Retype the listing exactly; omit pictures.

─── Collected material ───

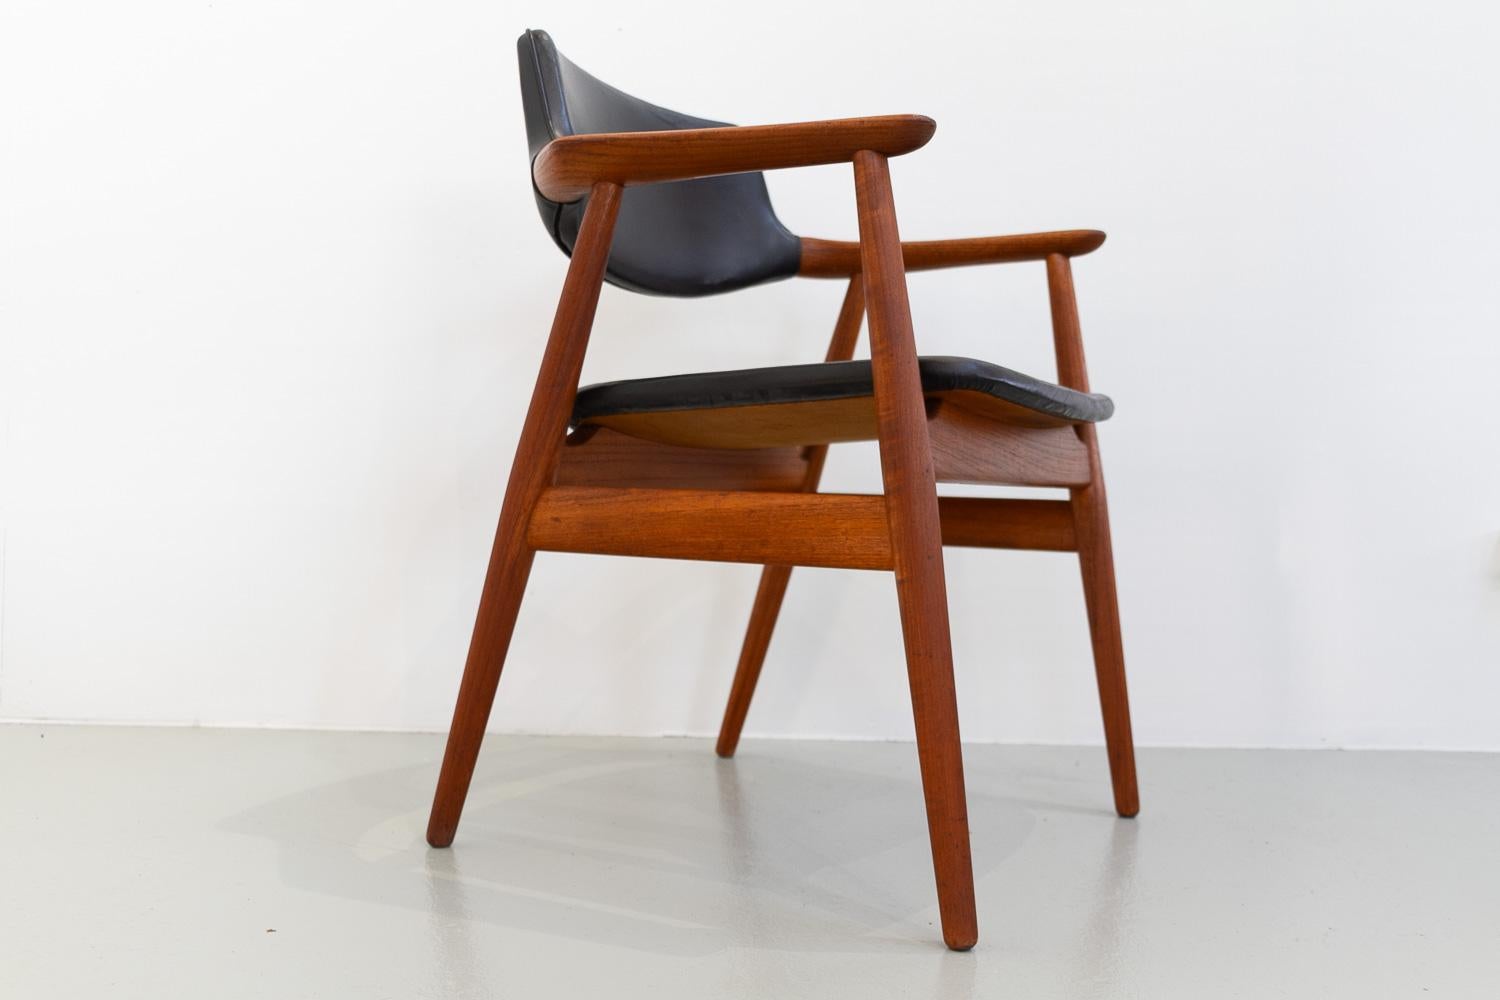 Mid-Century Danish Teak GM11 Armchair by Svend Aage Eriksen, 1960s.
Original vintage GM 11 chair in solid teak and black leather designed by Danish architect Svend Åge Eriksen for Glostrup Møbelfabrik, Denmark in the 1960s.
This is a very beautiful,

───

[Answer to this task]
 Mid-Century Danish Teak GM11 Armchair by Svend Aage Eriksen, 1960s.
Original vintage GM 11 chair in solid teak and black leather designed by Danish architect Svend Åge Eriksen for Glostrup Møbelfabrik, Denmark in the 1960s.
This is a very beautiful,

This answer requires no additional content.